The art of feature engineering in data science is often a balance between extracting more or new features and removing irrelevant or noisy features — too much or too little, and your model performance degrades, is difficult to interpret, or is overfitted. Feature engineering is the iterative process of transforming raw data into a form that provides optimal signal to models — all with the goal of creating simpler models with better results.
Common Techniques for Feature Engineering
Below are a few common techniques of feature engineering:
- Missing Data Imputation: With imputation, you’re replacing missing values in your dataset with estimated values. There are several methods including random sample, mean/median/mode, replacement by arbitrary value, and others, each with their own pros and cons. For example, if you replace missing values with a mean or median, you will alter the distribution of the data which may add bias to your model.
- Categorical Encoding: This is transforming strings or categorical variables (like Blue, Red, Green in a dataset about t-shirt colors, for example) into numerical values. Here there are also several methods, like target, one-hot, frequency, datetime, or mean encoding.

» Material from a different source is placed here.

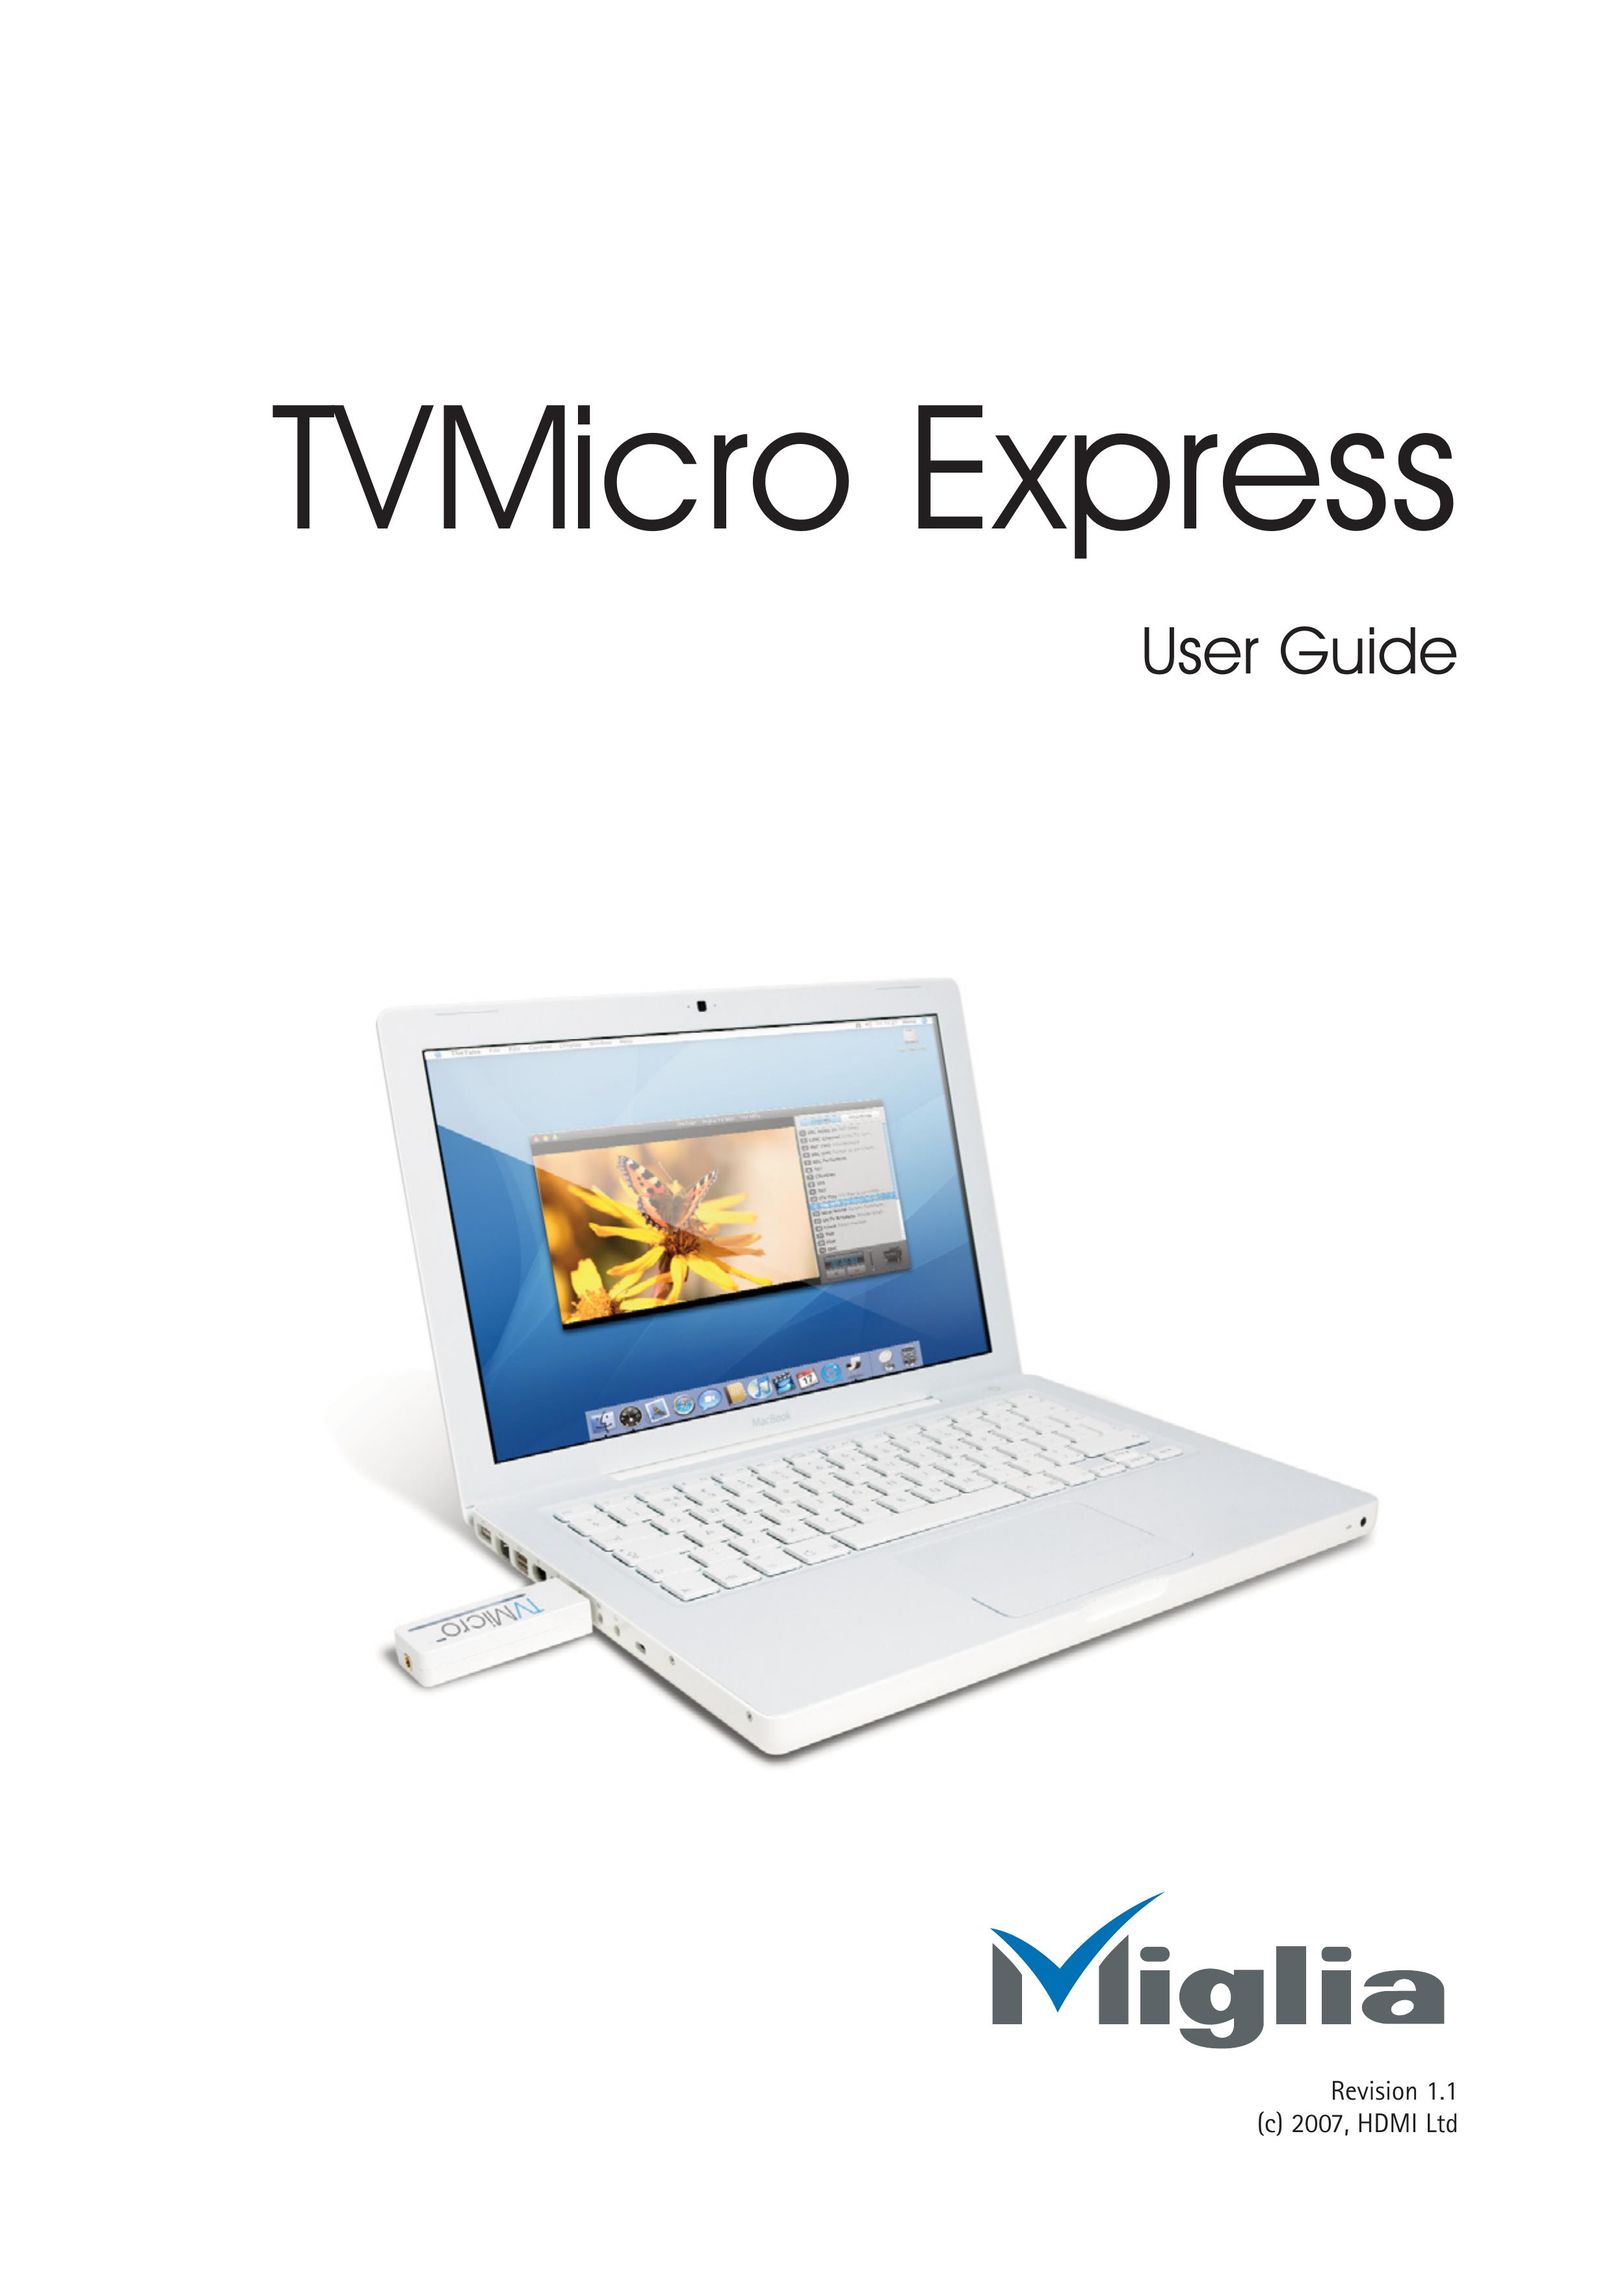 Miglia Technology TV Micro Express Adapter TV Receiver User Manual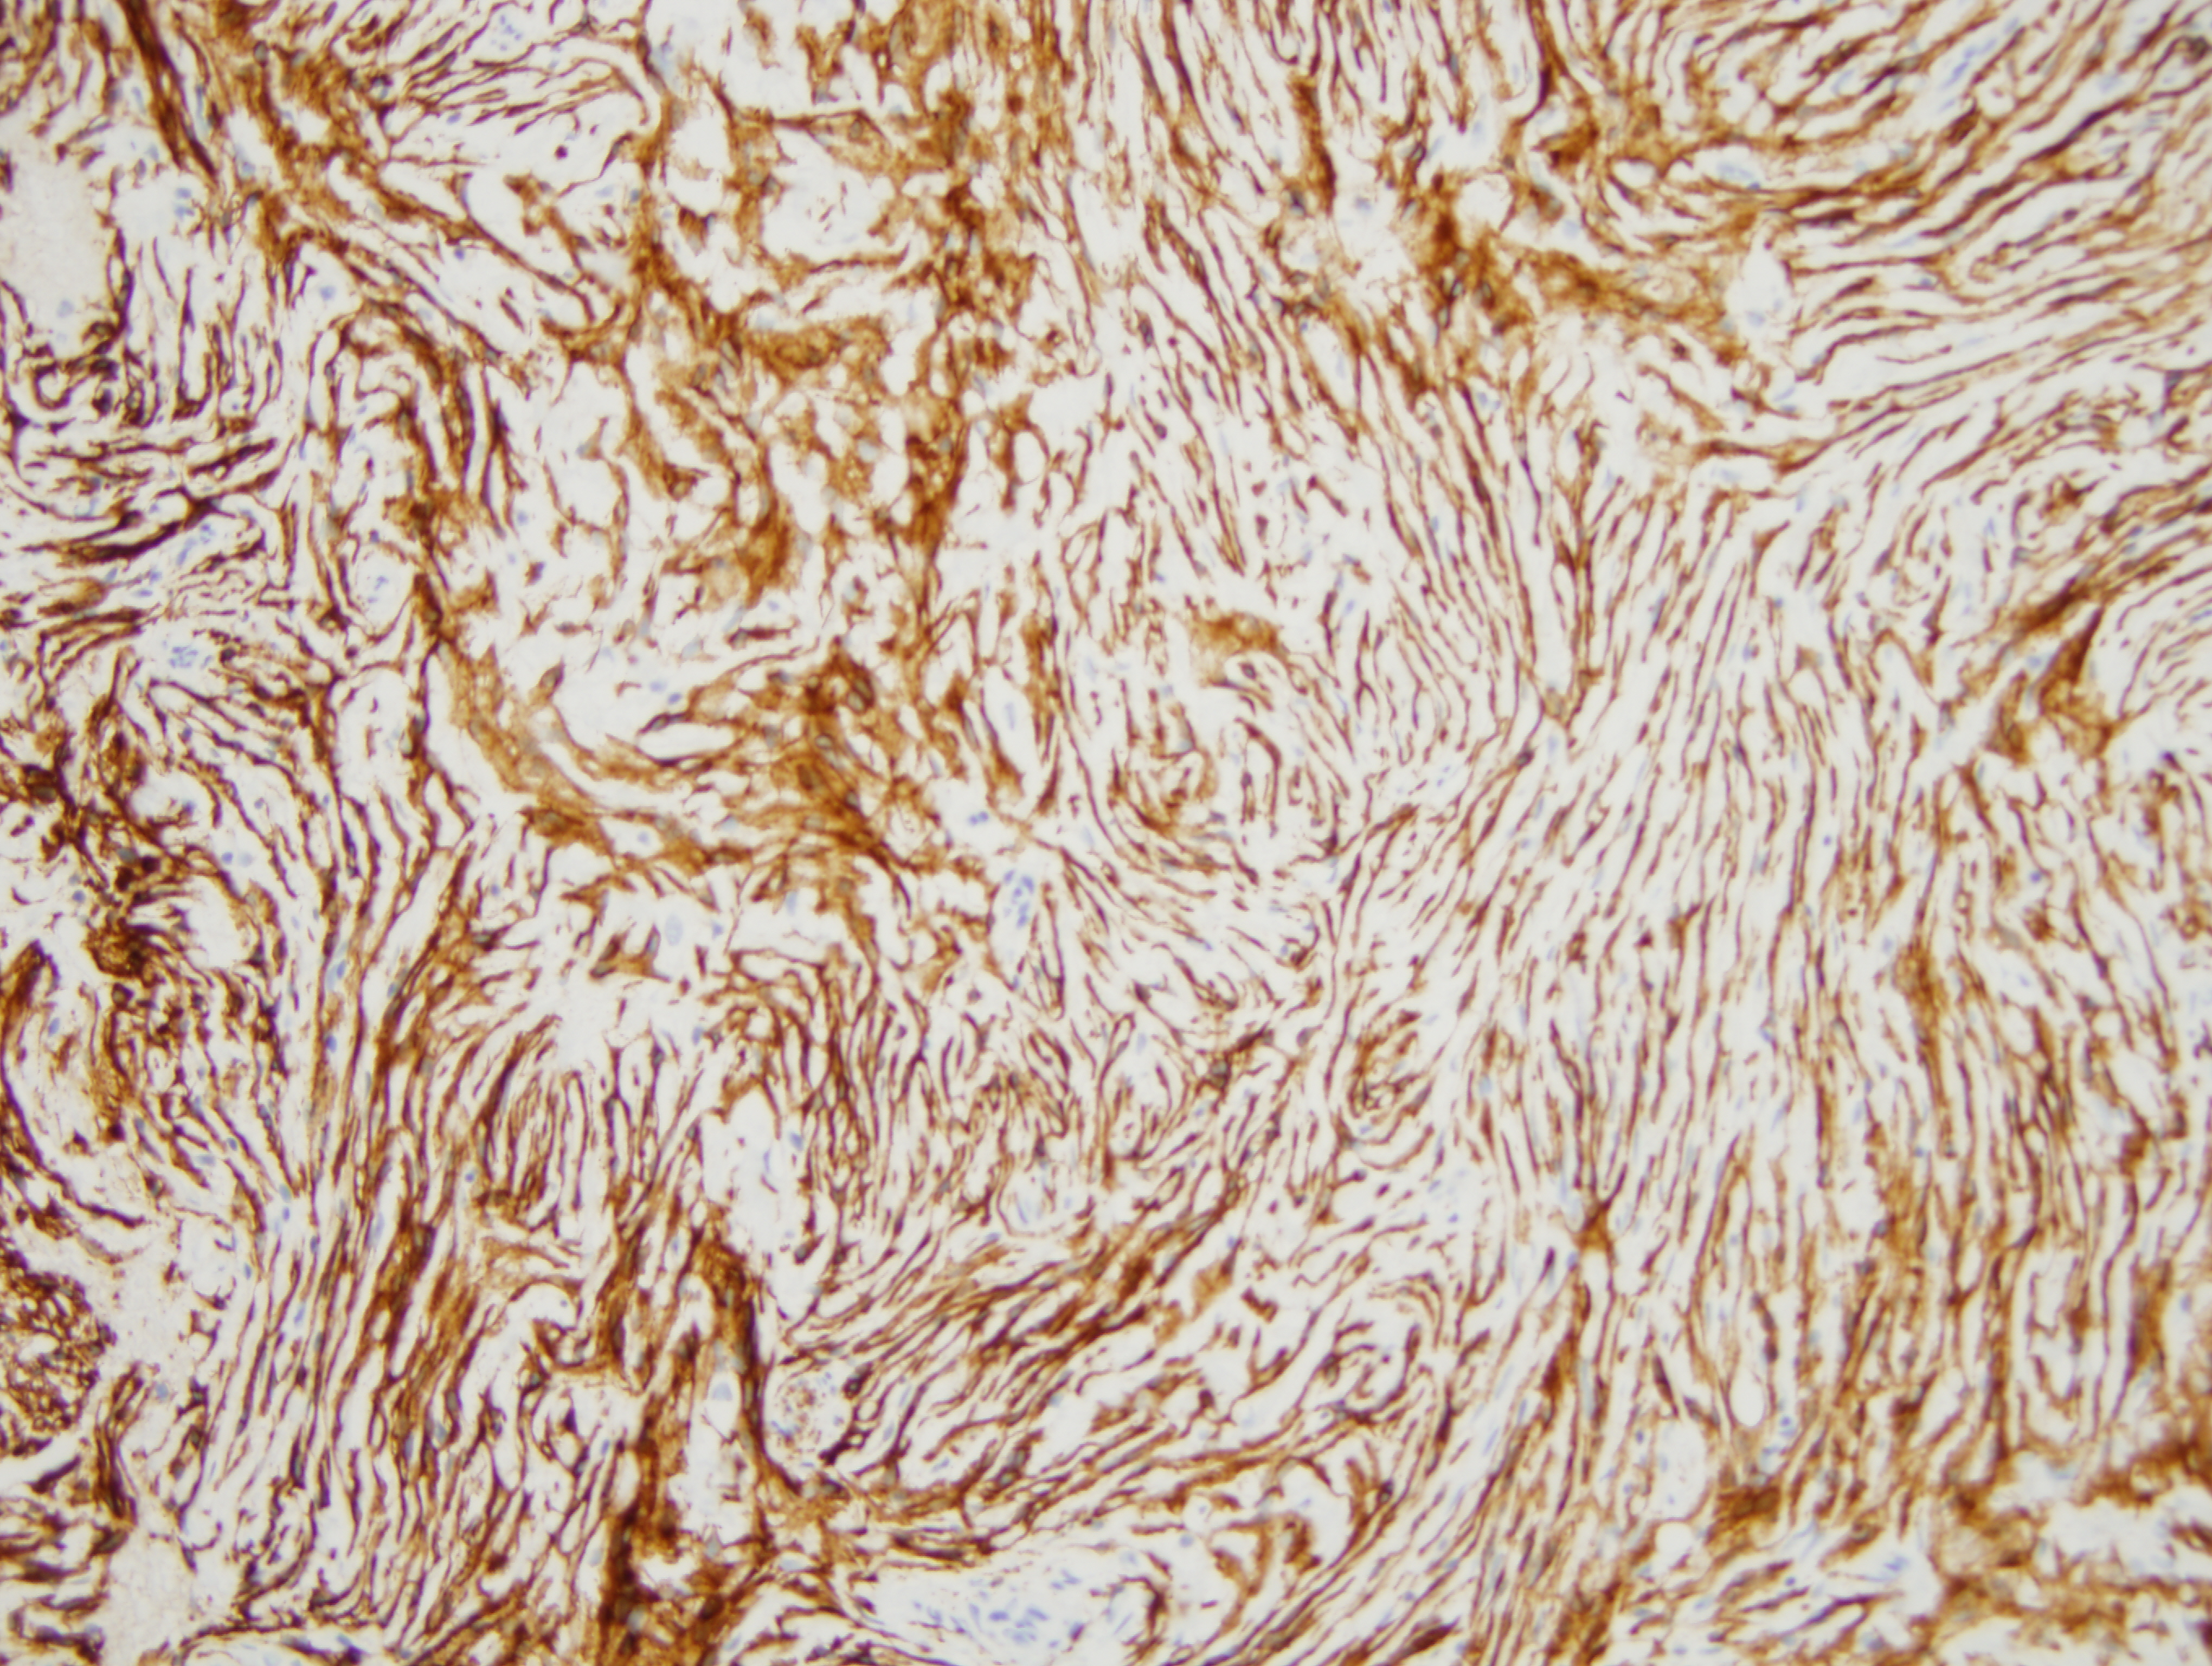 Slide 6: The cells are CD56 positive

- Scaling: When there are large differences in the absolute values of multiple variables, scaling can better normalize or standardize values by establishing a limited scale for those variables, such as by limiting values between 0 and 1.
- Discretization: With this technique, you are sorting values into bins (called binning) or intervals, with the goal of altering data distribution. Many models don’t perform well with non-standard distributions, so this can improve model performance.
- Feature Extraction: With feature extraction, you're extracting data from text, images, and other non-numerical or categorical data into a form that is usable for ML models. For example, with NLP projects, you may want to extract values related to customer sentiment to better predict behavior such as likelihood to churn.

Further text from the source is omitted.